Partai Demokraatit Pro-Business, yang mendukung pendekatan lambat untuk kemerdekaan dari Denmark, memenangkan pemilihan.
Partai Demokraatit Oposisi Kanan Greenland telah memenangkan pemilihan parlemen yang dibayangi oleh janji Presiden Amerika Serikat Donald Trump untuk mengendalikan pulau Arktik yang ditempatkan secara strategis.
Demokraatit, yang digambarkan sebagai pro-bisnis dan mendukung pendekatan yang lambat untuk kemerdekaan dari Denmark, memenangkan 29,9 persen suara setelah pemilihan hari Selasa, laporan kantor berita Reuters, di depan Partai Oposisi Naleraq, yang mendukung kemerdekaan yang cepat, pada 24,5 persen setelah semua suara dihitung.

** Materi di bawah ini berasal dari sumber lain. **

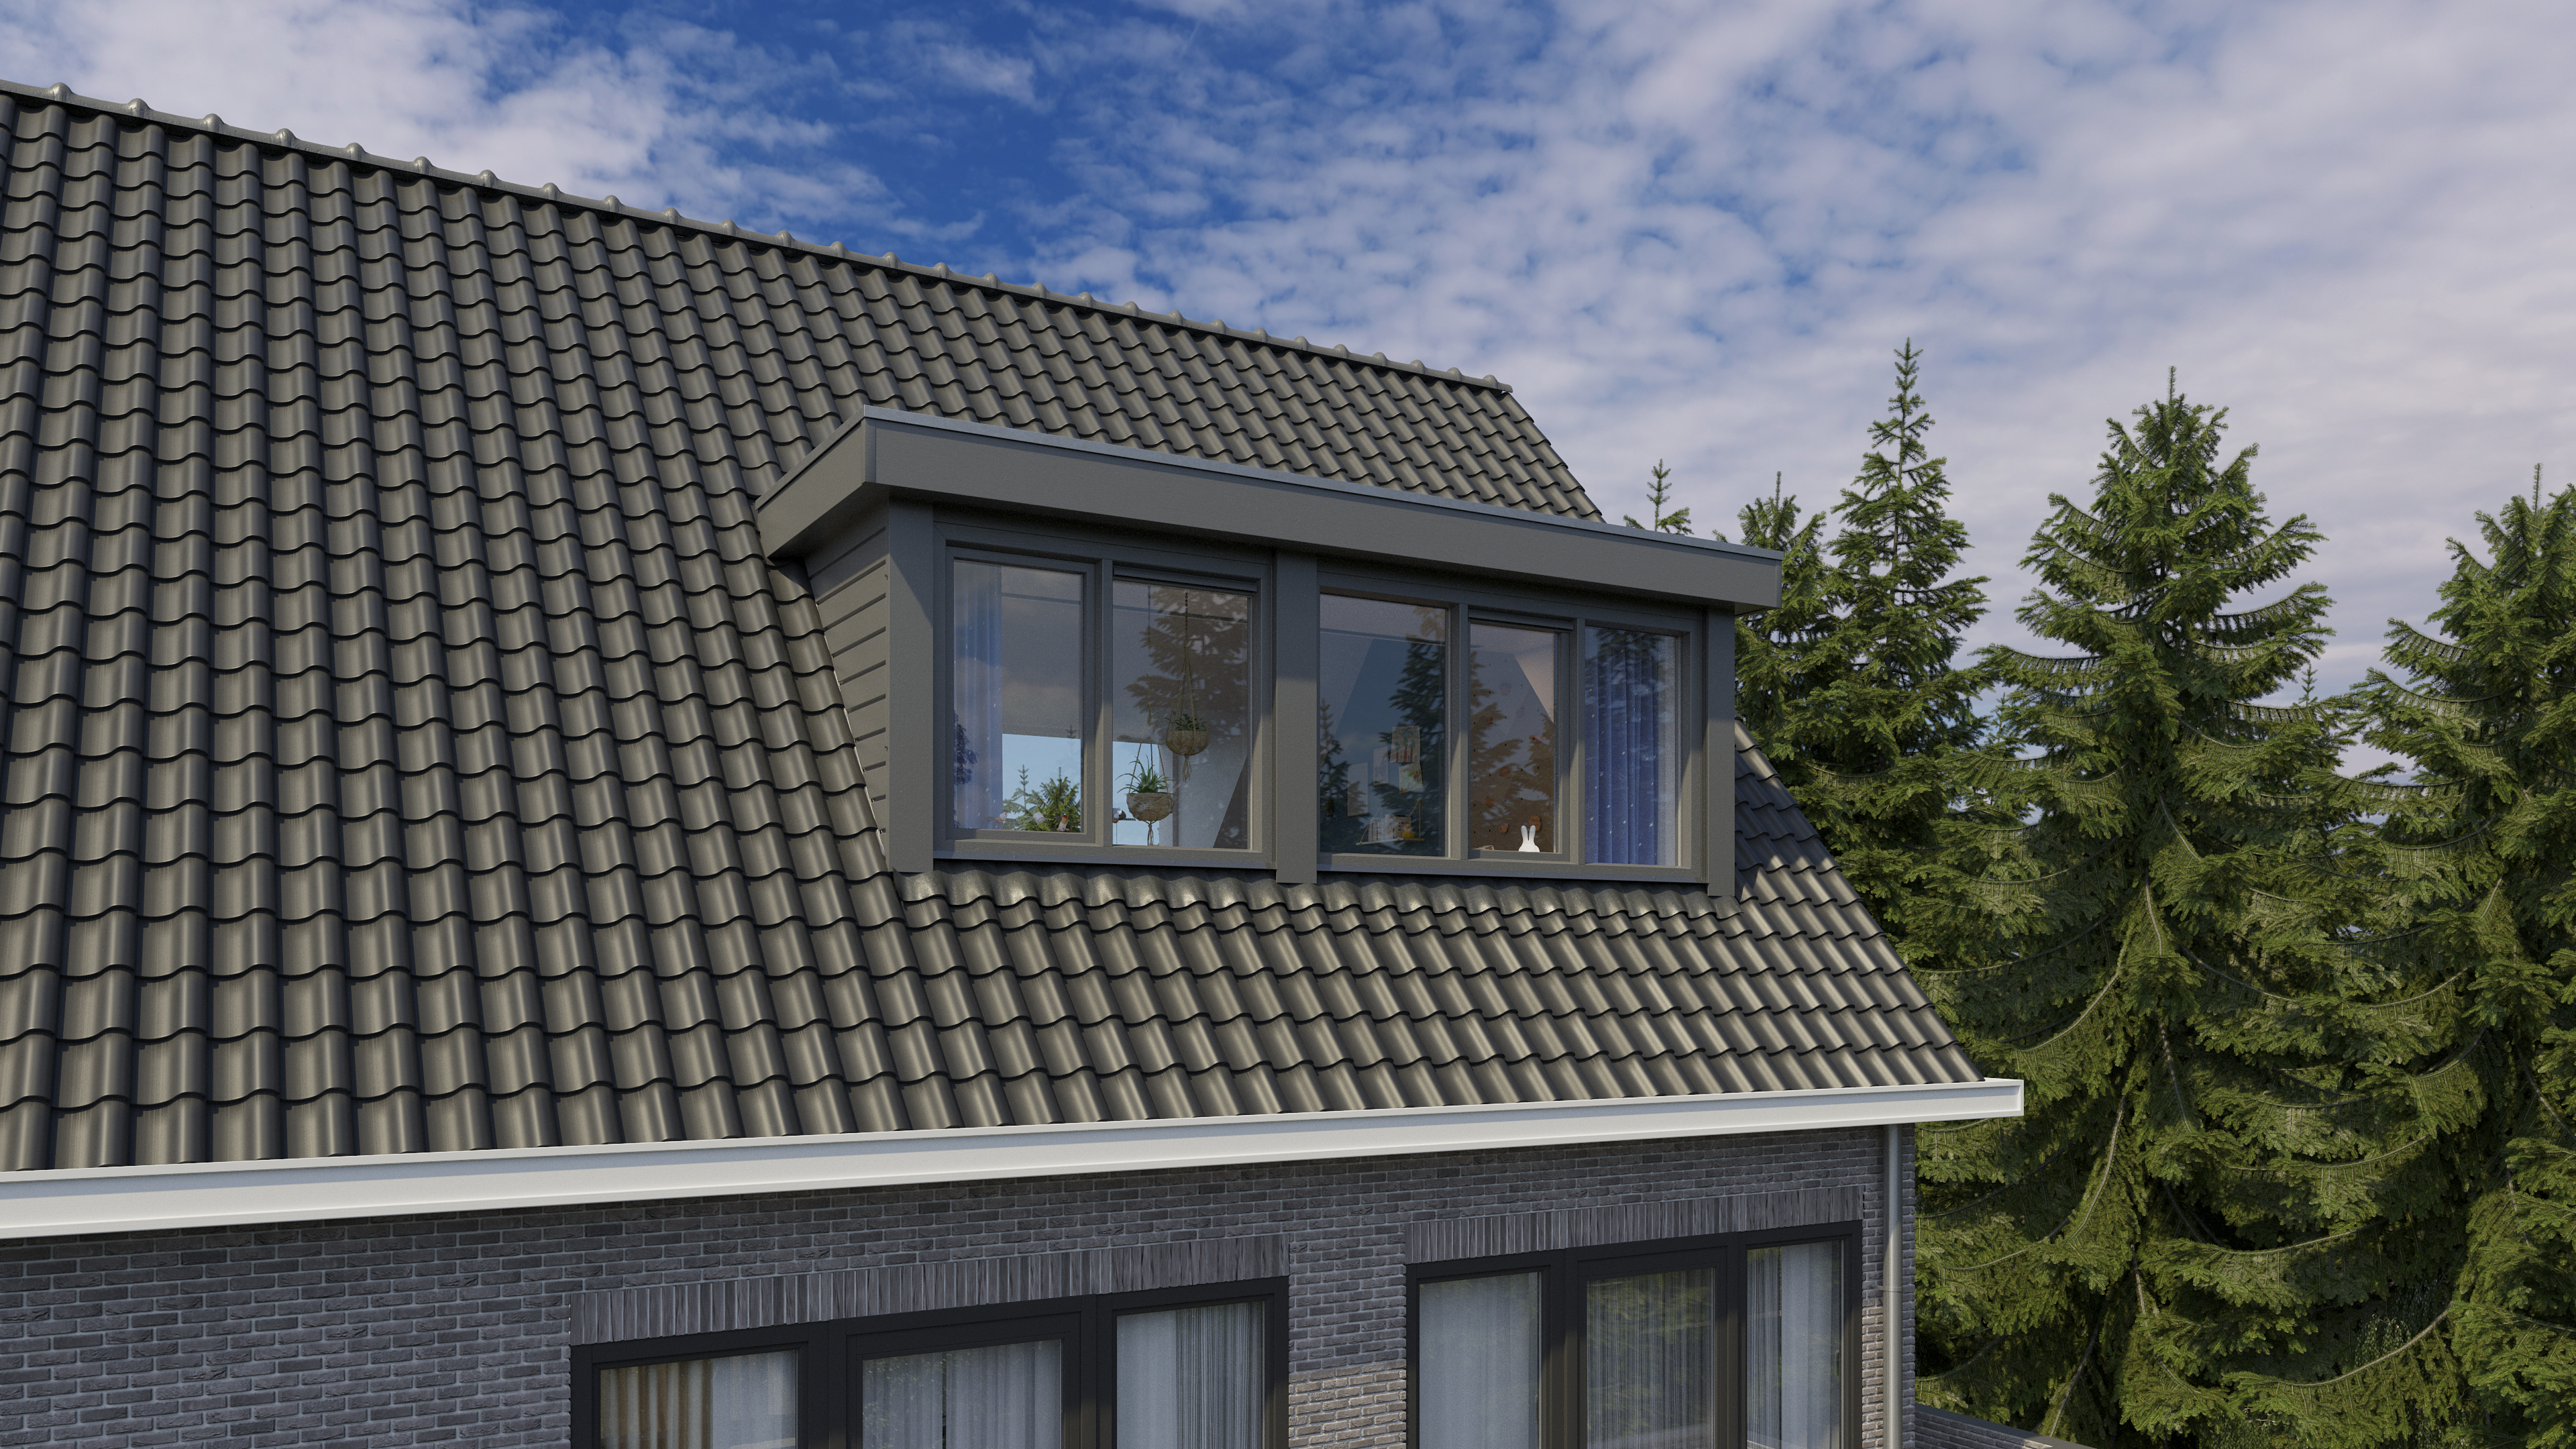 Wat kost een dakkapel van 5 meter of meer? Zwarte dakkapel plat dak modern 5 meter.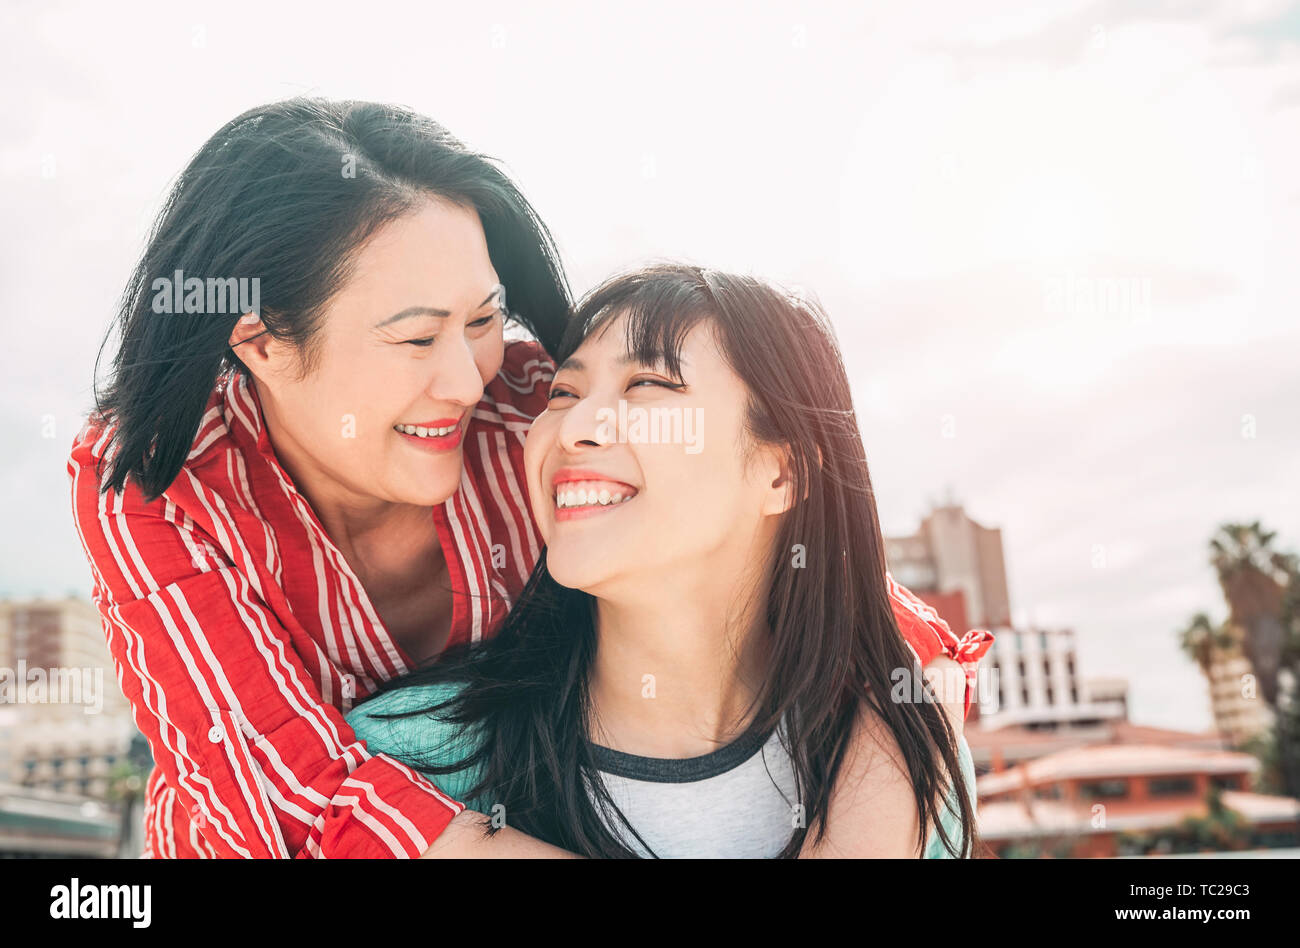 Glückliche Mutter und Tochter Spaß im Freien - asiatische Familie genießen die Zeit zusammen außerhalb - Begriff des Menschen Lifestyle, der Liebe und der Elternschaft Stockfoto

“Orang-orang ingin perubahan … Kami ingin lebih banyak bisnis untuk membiayai kesejahteraan kami,” kata Jens-Frederik Nielsen, pemimpin Demokraatit dan mantan menteri industri dan mineral.
“Kami tidak ingin kemerdekaan besok, kami menginginkan fondasi yang baik,” kata Nielsen kepada wartawan.
Nielsen sekarang akan mendapatkan kesempatan untuk membentuk koalisi yang mengatur melalui pembicaraan dengan pihak lain.
Partai Greenland yang memerintah Inuit Ataqatigiit Partai dan mitranya Siumut, yang juga mencari jalan lambat menuju kemerdekaan, memenangkan 36 persen suara gabungan, turun dari 66,1 persen pada 2021.
Voting diperpanjang setengah jam melewati tenggat waktu 22:00 GMT pada hari Selasa di tengah jumlah pemilih yang tinggi di beberapa 72 stasiun pemungutan suara di seluruh pulau yang kaya mineral, di mana 40.500 orang berhak memberikan suara mereka.
Janji Trump
Sejak menjabat pada bulan Januari, Trump telah berjanji untuk menjadikan Greenland-wilayah semi-otonom Denmark-bagian dari AS, dengan mengatakan itu sangat penting bagi kepentingan keamanan AS.
Pulau yang luas, dengan populasi hanya 57.000, telah terperangkap dalam perlombaan geopolitik untuk dominasi di Kutub Utara, di mana topi es yang meleleh membuat sumber daya yang kaya dari logam tanah jarang lebih mudah diakses dan membuka rute pengiriman baru.
Perdana Menteri Greenland, Mute Bourup Egede, menyebut pemilihan bulan lalu, mengatakan wilayah itu perlu dipersatukan selama “waktu yang serius” yang tidak seperti apa pun yang pernah dialami Greenland.
Sementara Trump telah blak -blakan tentang keinginannya untuk mengendalikan Greenland, baik Rusia maupun Cina juga mengintensifkan aktivitas militer di wilayah Kutub Utara.
Greenland adalah mantan koloni Denmark dan wilayah sejak tahun 1953. Ia memperoleh otonomi pada tahun 1979 ketika parlemen pertamanya dibentuk, tetapi Kopenhagen masih mengendalikan urusan luar negeri, pertahanan, dan kebijakan moneter dan menyediakan hanya di bawah $ 1 miliar setahun bagi perekonomian.
Pada tahun 2009, Greenland memenangkan hak untuk menyatakan kemerdekaan penuh melalui referendum, meskipun belum melakukannya karena kekhawatiran bahwa standar hidup akan turun tanpa dukungan ekonomi Denmark.
Julie Rademacher, seorang konsultan dan mantan penasihat pemerintah Greenland, mengatakan bahwa sejak awal, kampanye pemilu berfokus pada kemarahan dan frustrasi yang ditujukan untuk kesalahan sejarah oleh mantan penguasa kolonial Denmark.
“Tapi saya pikir ketakutan akan pendekatan imperialis AS akhir -akhir ini menjadi lebih besar dari kemarahan terhadap Denmark,” kata Rademacher.
Kantor Berita Reuters berbicara kepada lebih dari selusin warga Greenland di Nuuk, yang semuanya mengatakan mereka lebih menyukai kemerdekaan, meskipun banyak yang menyatakan keprihatinan bahwa transisi cepat dapat merusak ekonomi dan menghilangkan layanan kesejahteraan Nordik seperti universal Healthcare dan Free Schooling.
“Kami tidak ingin menjadi bagian dari AS karena alasan yang jelas; Kesehatan dan Trump, ”kata Tuuta Lynge-Larsen, seorang karyawan bank dan penduduk Nuuk, menambahkan bahwa pemilihan ini sangat penting.
Sebuah jajak pendapat pada bulan Januari menyarankan bahwa mayoritas penduduk Greenland mendukung kemerdekaan tetapi dibagi pada waktu.